搾取主体の洗脳誘惑系アイドルグループで、一曲ごとにそれぞれテーマがあったらと思い書きました。
説明が大目で後半言葉責めがあります。

今回は足ですが。他の曲では手とか魔物のスキュラに扮してとかも考えています。


 リミットトランス∞ レッツ足裏パラダイス♪編
  

 リミトラことリミットトランス∞(インフィニティ)は、今や押しも押されぬ超国民的人気アイドルグループである。今までのアイドルの常識を覆す経営戦略により莫大な人気とその礎を築いた。
 その活動形態において、最も顕著と言えるのは特に決まった人数を定めずに、まるで無限に広がる宇宙のように流体し続けているのである。その人数は最低二十数人から、最も多い時では百人すら超過する時もあった。
 ただしグループ名の無限大の意味は、決してそれだけに止まることはない。無限に広がる少女達の限りない可能性。それがリミットトランス∞に秘められた真のメッセージなのである。
 従順、可愛らしい、親しみやすい、優等生。そんな既存の美少女アイドルグループの価値観は、リミトラの登場により脆くも崩れ去ったと言っていい。それほど彼女達の登場は衝撃的だった。
 まず彼女達を一目見て、度肝を抜かれるのはその奇抜な衣装である。とても少女が着用するものとは思えない、扇情的で破廉恥でエロティックな感情を抱かずにはいられないものだった。
 超ミニスカとノースリーブおへそチラ見せは標準装備。一度カメラのアングルを歪めれば、うっすらと汗ばんだ肌に食い込む純白の下着や、桜色のぽちっとしたスイートストロベリーが見え隠れしてしまう。
 もちろん彼女達も、自分達がそういう目で見られていることは知っている。知っているからこそアイドルとして必死で演技するのだ。

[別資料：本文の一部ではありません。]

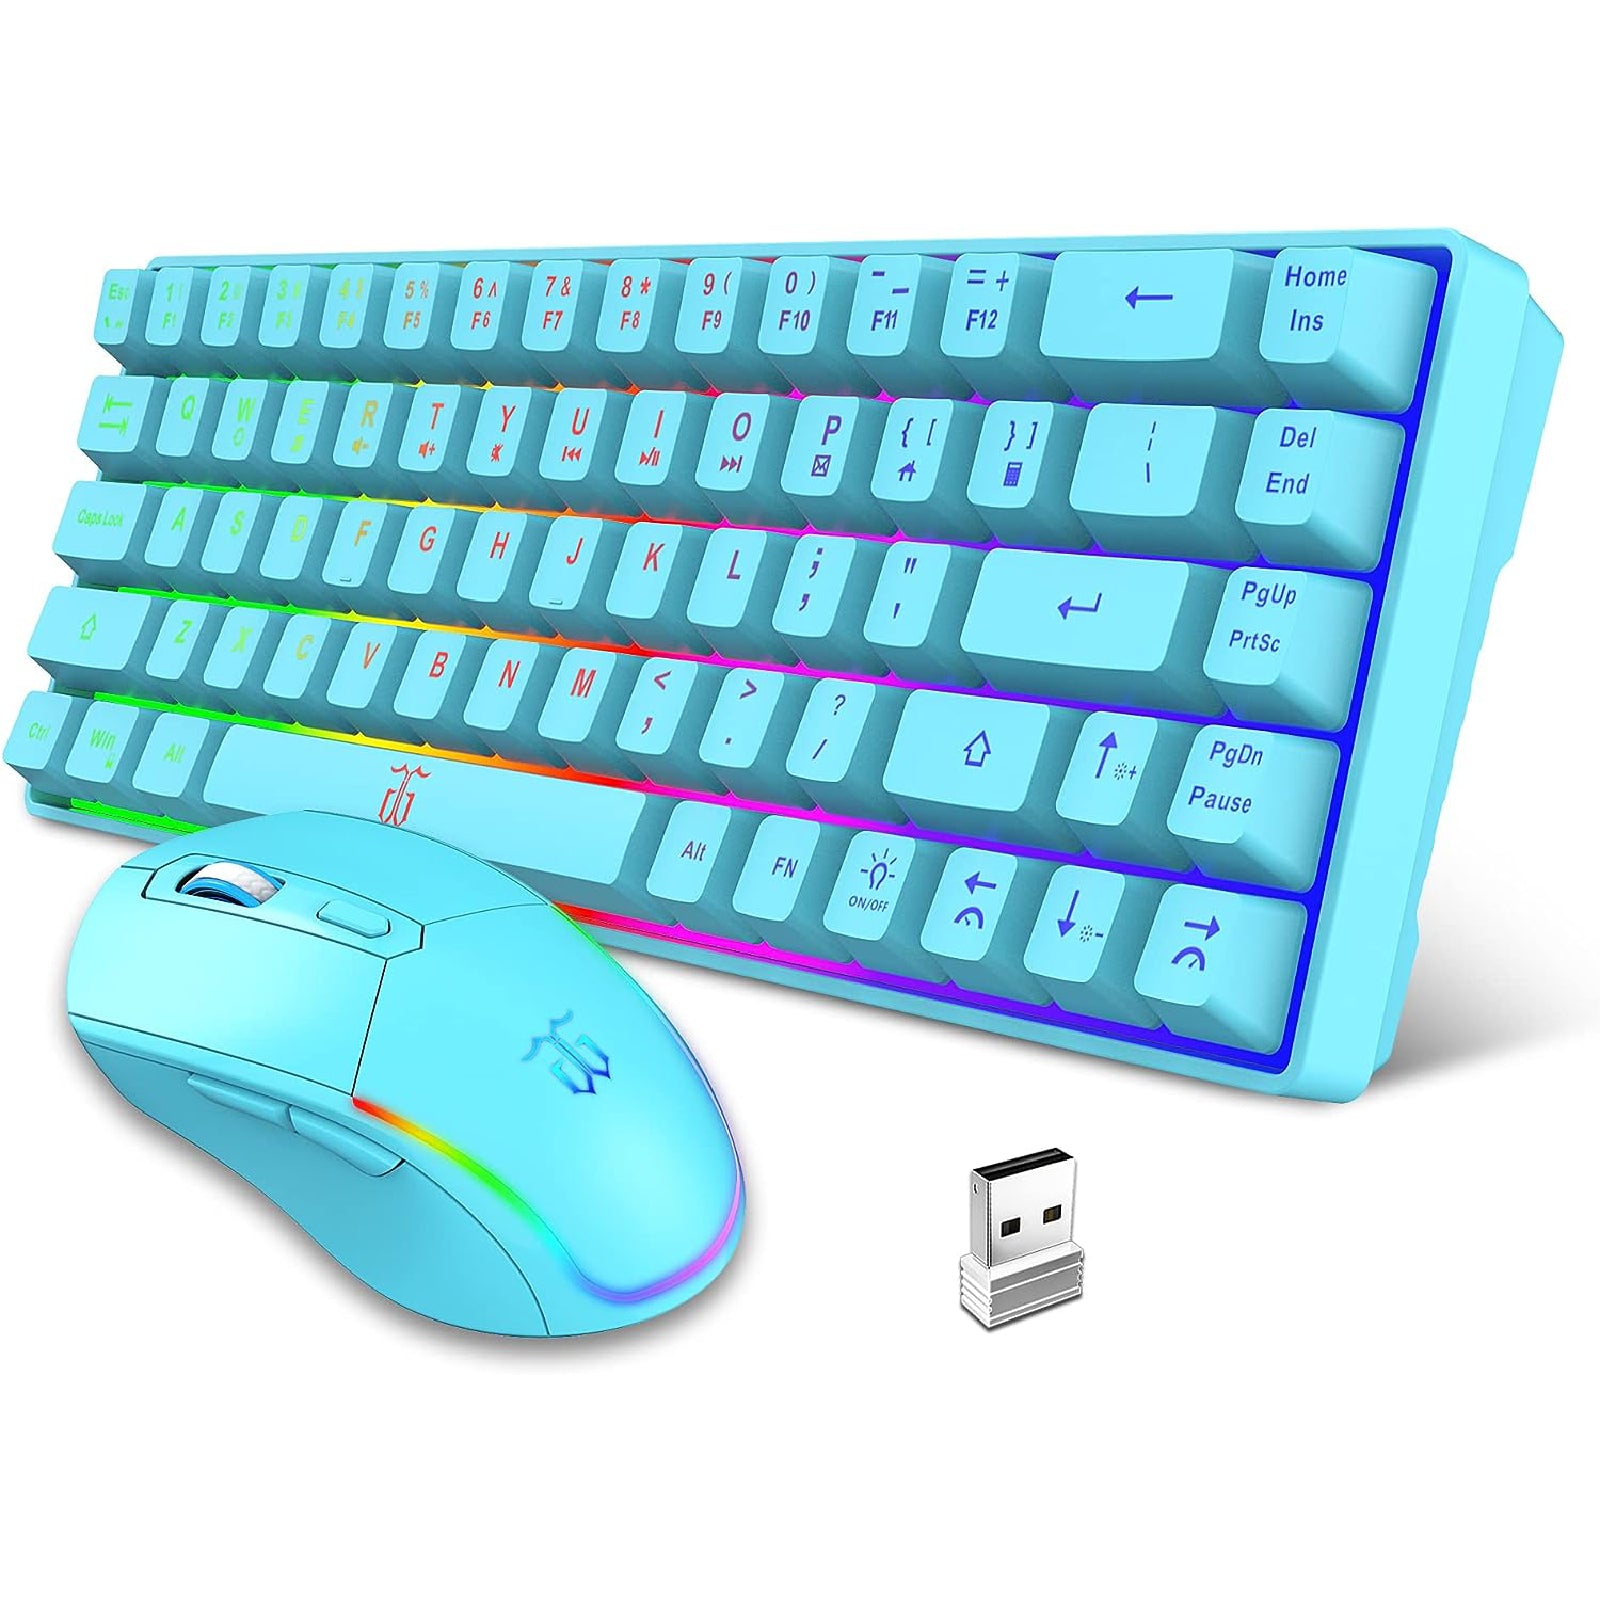 Snpurdiri 60% Blue Wireless Gaming Keyboard and Mouse Combo,LED Backlit Rechargeable 2000mAh Battery

 熟れた女性のようにしなを使い魅惑的な媚を売る。しなやかな肢体を妖艶にくねらせて、男を狂わせる魔力を持ったとびっきりのウインクを情熱的に送る。足元を際どくすべるカメラに向かって、健康的な若肉の美味しさをこれでもかと見せ付ける。まだ発展途上の胸をいじらしく寄せて、ずれかけた肩紐を添えてほのかに浅い谷間をアピールする。

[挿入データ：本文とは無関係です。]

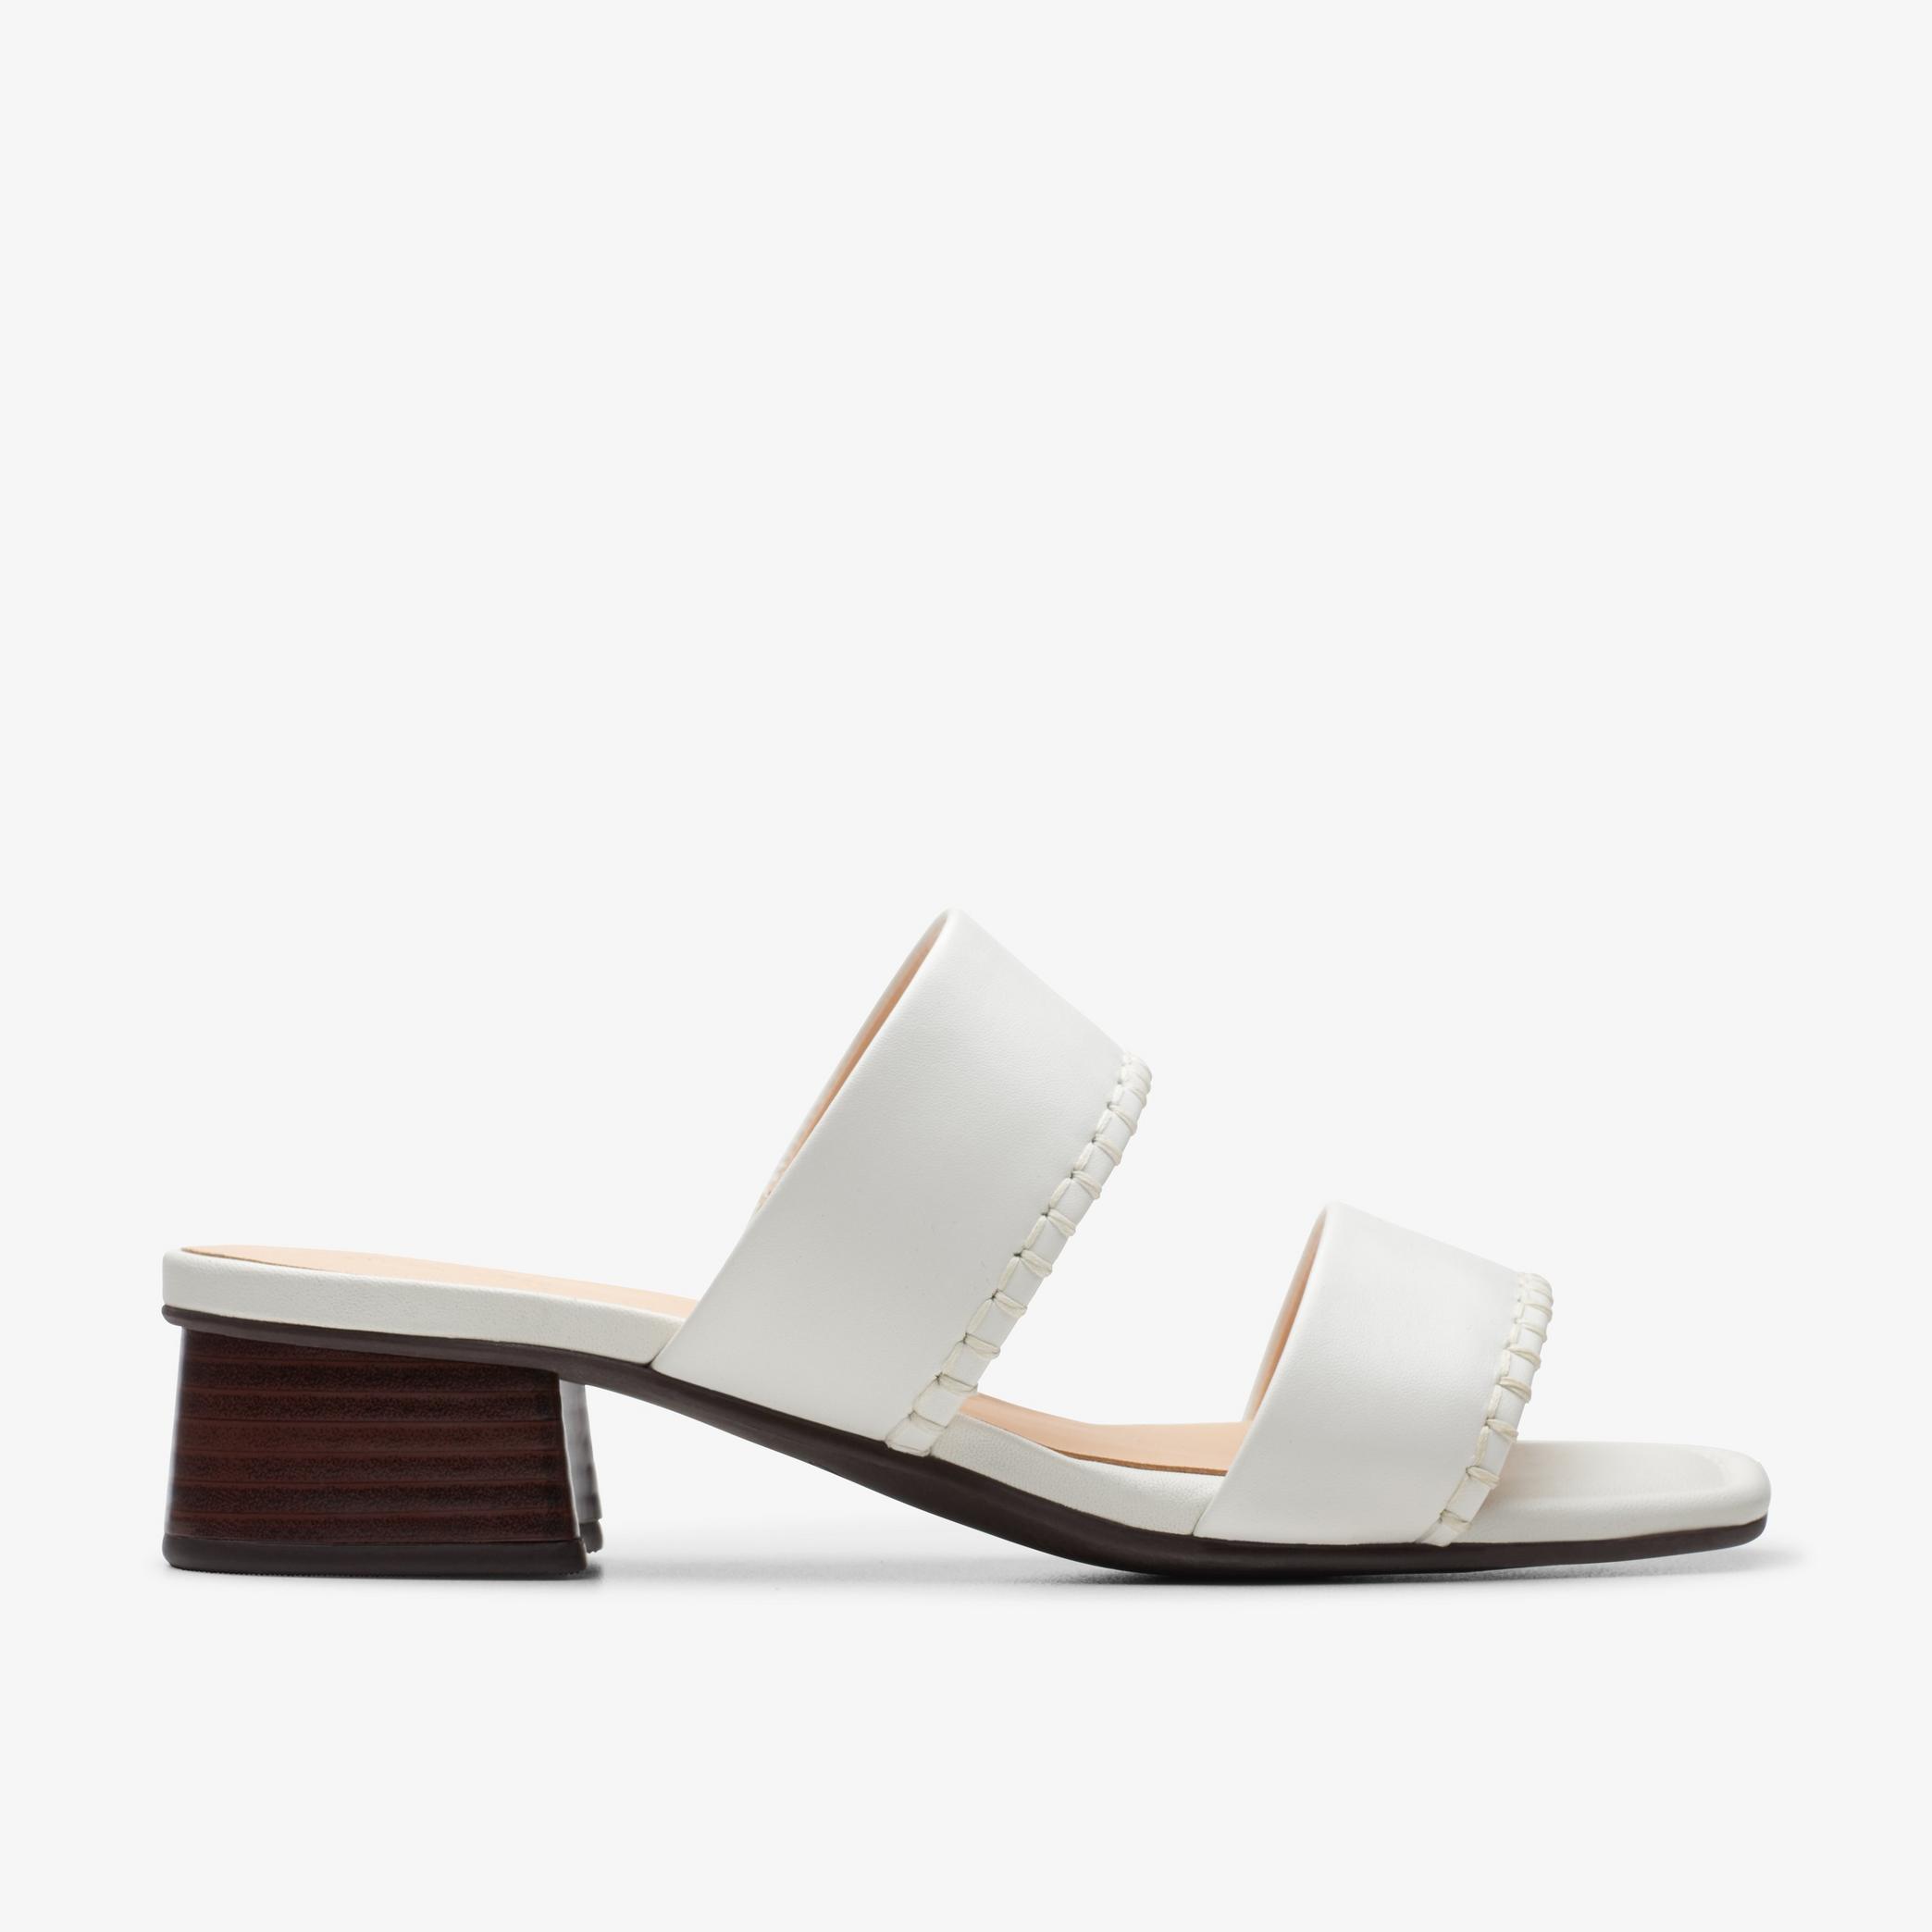 Serina35 Mule Off White Leather Heeled Sandals, view 1 of 6

 だが肉体より勝るのは、やはりころころと瞬きを繰り返す少女元来の純粋な表情だった。笑い泣き、共に喜び時には怒る。リミトラの歌の歌詞には首尾一貫したストーリーがある。他のアイドルグループには全く欠けた要素、それがリミトラにはある。
 決して綺麗ごとだけでは終わらない、人間の裏側に潜むドロドロの醜悪な感情を、この可憐な十代が多数在籍するアイドルグループが表現しているという事実は何とも時代錯誤でもある。
 退廃、崩壊、無法地帯が広がった地獄を妄想させる世界感。彼女達の住む世界には希望だの愛はもはや存在しない。親への愛、友人への友情、故郷を思う慕情。そんなのはくそ喰らえだと彼女達は考える。

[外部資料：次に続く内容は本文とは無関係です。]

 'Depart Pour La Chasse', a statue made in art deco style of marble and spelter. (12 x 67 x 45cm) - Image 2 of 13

 あるのは略奪強奪、狂気に満ちた魑魅魍魎達がこの世を支配する地獄絵図。強き者が利を得て弱気ものが地を舐める。そんな真っ向からの弱肉強食の世界の中で生み出される倒錯したリビドー。それが彼女達の求める理想の境地なのである。
 決して停滞することはなく常に進化し続ける。その限界ぎりぎりまで煮詰めた先に、果てしない快楽の園が待っている。強大な野心を持った少女達の挑戦は、未だ止まることなくその大いなる潮流を邁進し続けている。




「うふふ……。初めまして落田さん」
「あっ、ああ……」
 落田伸章は、目の前の少女の美貌に圧倒されて、ただ頷いた。
 彼は裏世間において一目置かれているトレーダーだった。普通の人間が一生涯かけて手に入れる収入を、ほんの一晩、それもほんの指先一つで稼ぐようなこともあった。
 天賦の才能に恵まれてもいたし、なおかつ彼には絶妙な嗅覚ともいえる運があった。
 この世界は、一瞬で莫大な借金を背負ってしまうことも少なくはない。落田はやっとつかんだ栄光の階段から、あっけなく足を踏み外し、真っ逆さまに地獄へと転落してしまった人間を何人も見てきた。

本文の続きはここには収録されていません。